The Wild Wild West League is a collegiate summer baseball wooden bat league based out of Portland, Oregon.  It serves as a developmental minor league and is owned and operated by the Portland Pickles collegiate baseball club of the West Coast League.  The league features four teams and all games are played at Charles B. Walker Stadium at Lents Park in southeast Portland, home of the Pickles.

History

2020: Inaugural season
The league was formed by the Portland Pickles in 2020 following the cancellation of the West Coast League's regular season due to the COVID-19 pandemic. Months prior, the Pickles also founded a developmental farm club of their own known as the Portland Gherkins.

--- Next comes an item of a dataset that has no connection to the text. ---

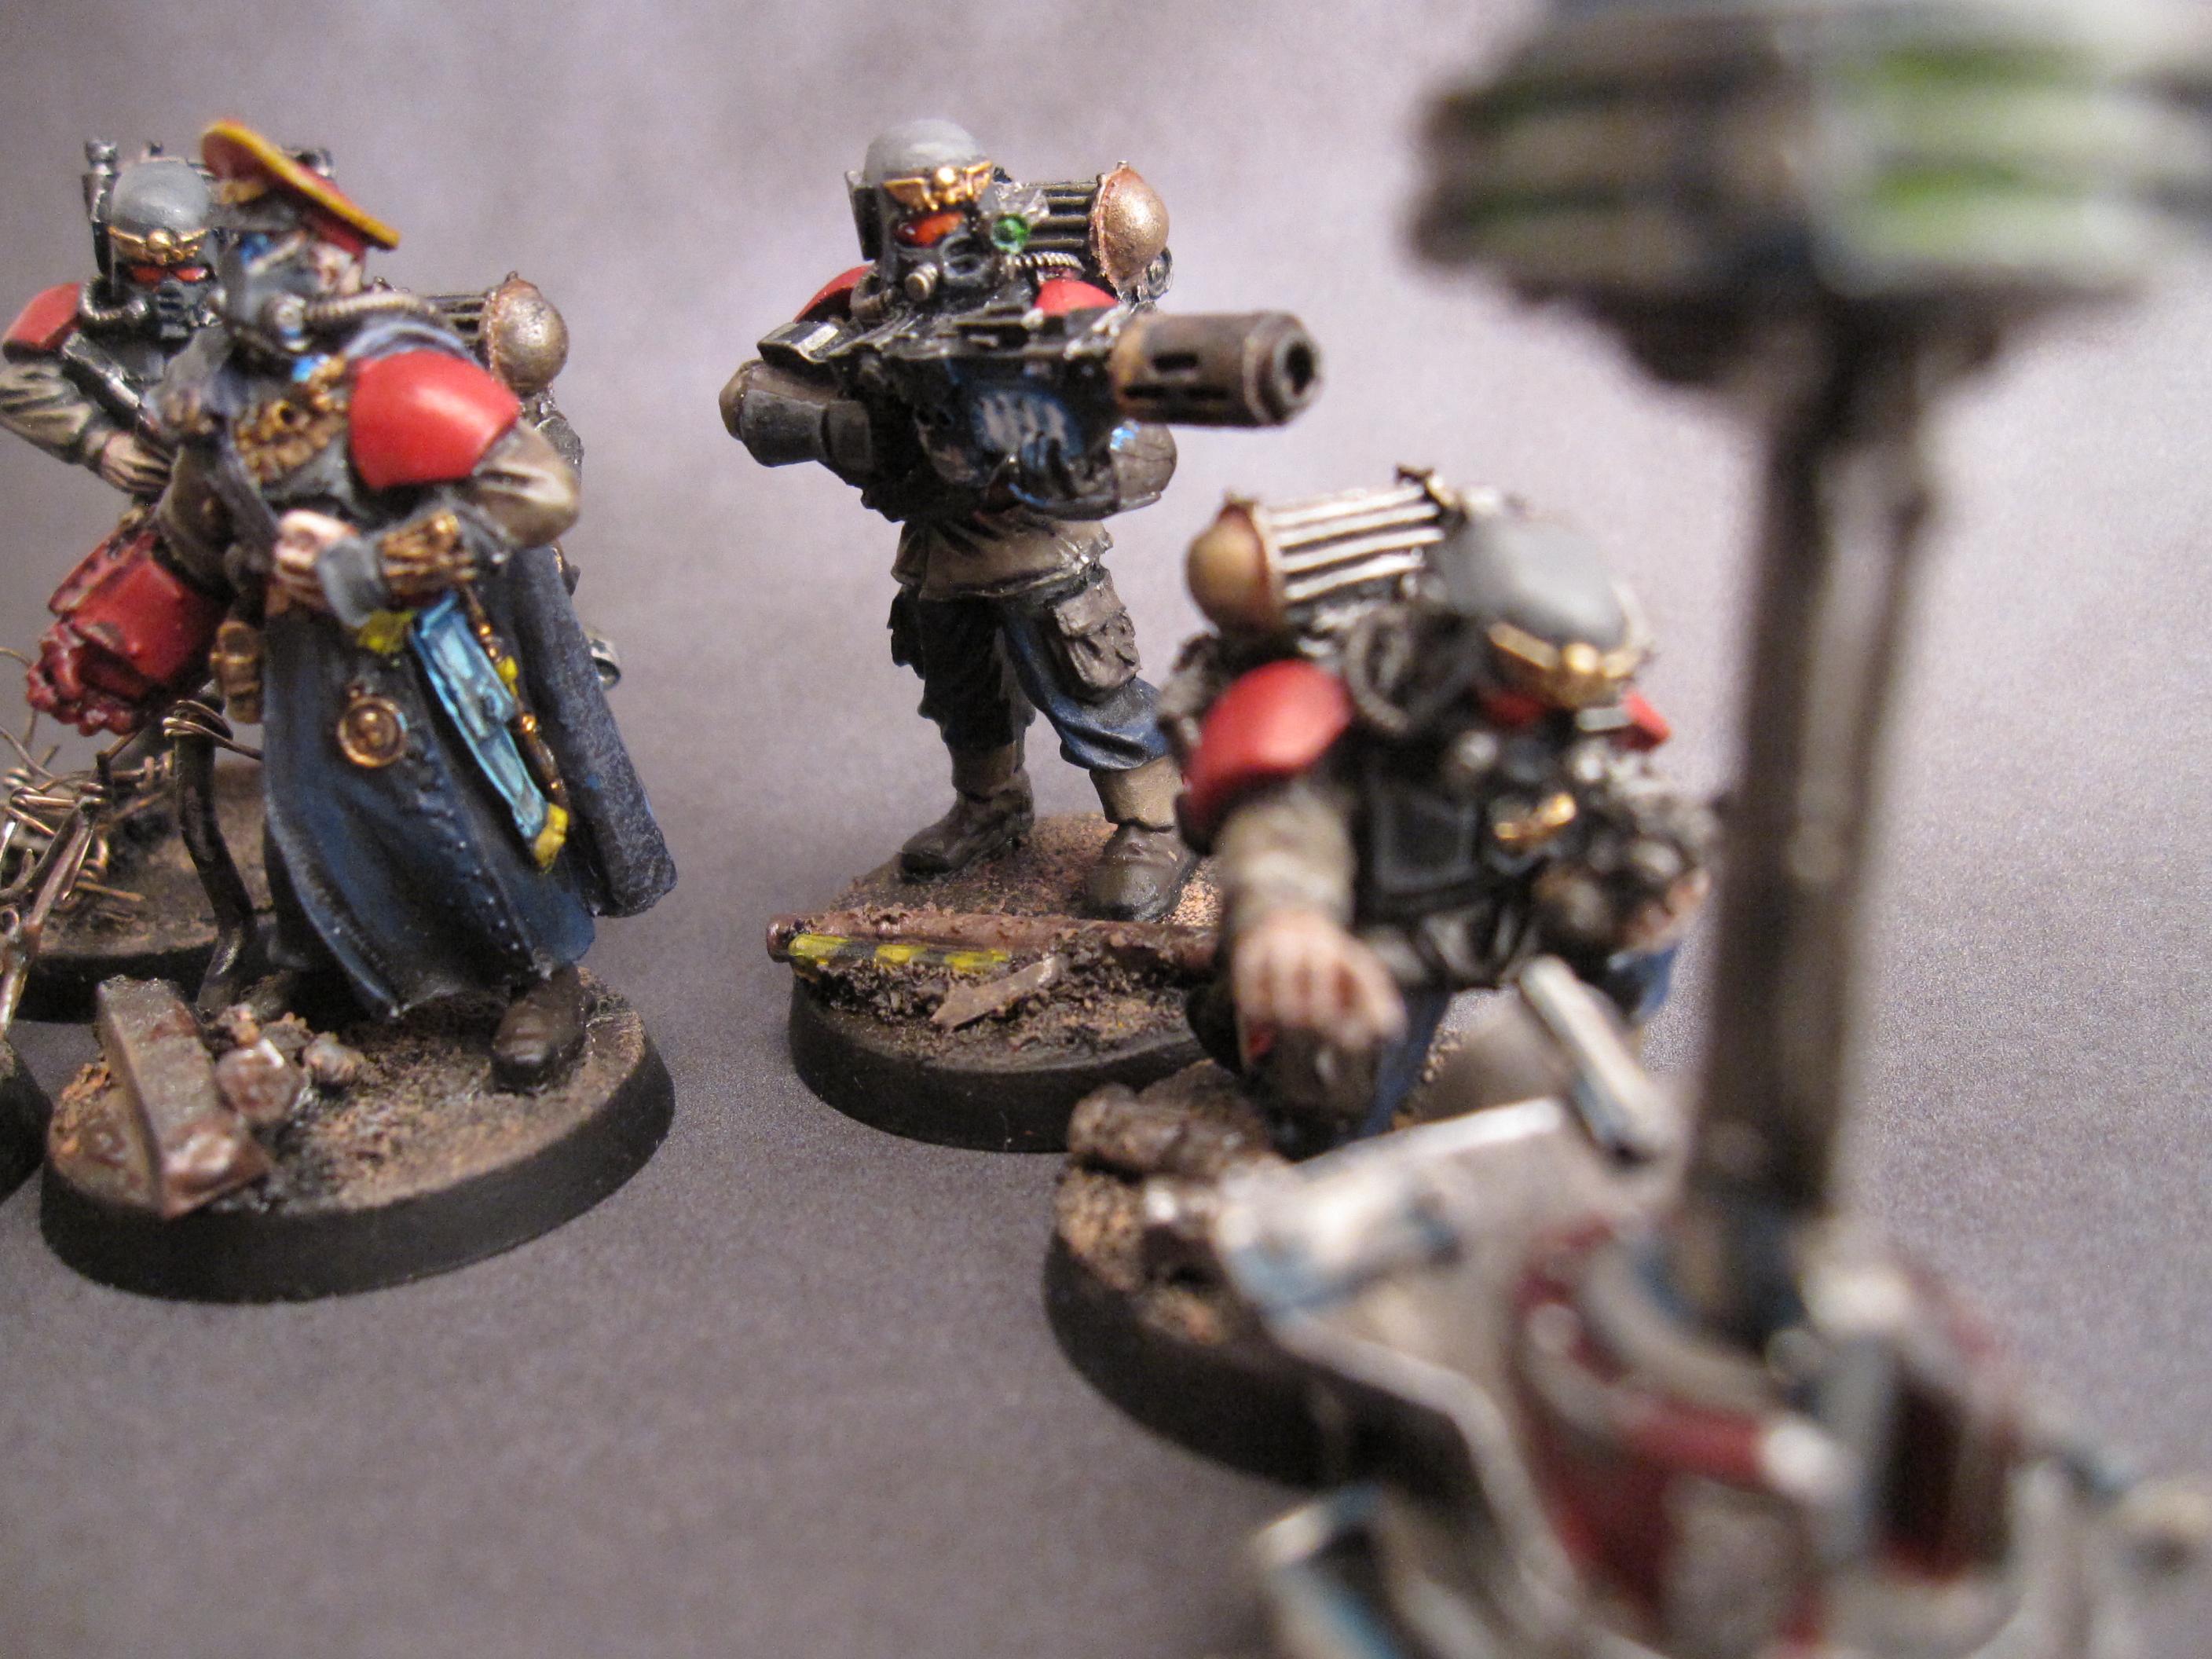 Cadians, Command, Commander, Environment, Forge World, Guard, Hostile, Imperial, Imperial Guard, Squad, Warhammer 40,000

The Pickles and Gherkins were joined by the previously independent Gresham GreyWolves and West Linn Knights and played the inaugural two-week season at Bob Brack Stadium in Aurora, Oregon, with all players, coaches and staffs having to follow the COVID-19 guidelines at the local, state and federal levels and limited fans in attendance.  The league even grabbed the attention nationally of Forbes magazine.  The article was quoted as saying, "When nobody else could play, the Wild Wild West League thrived." Play officially begin on July 11, 2020, with the Pickles playing the Gherkins.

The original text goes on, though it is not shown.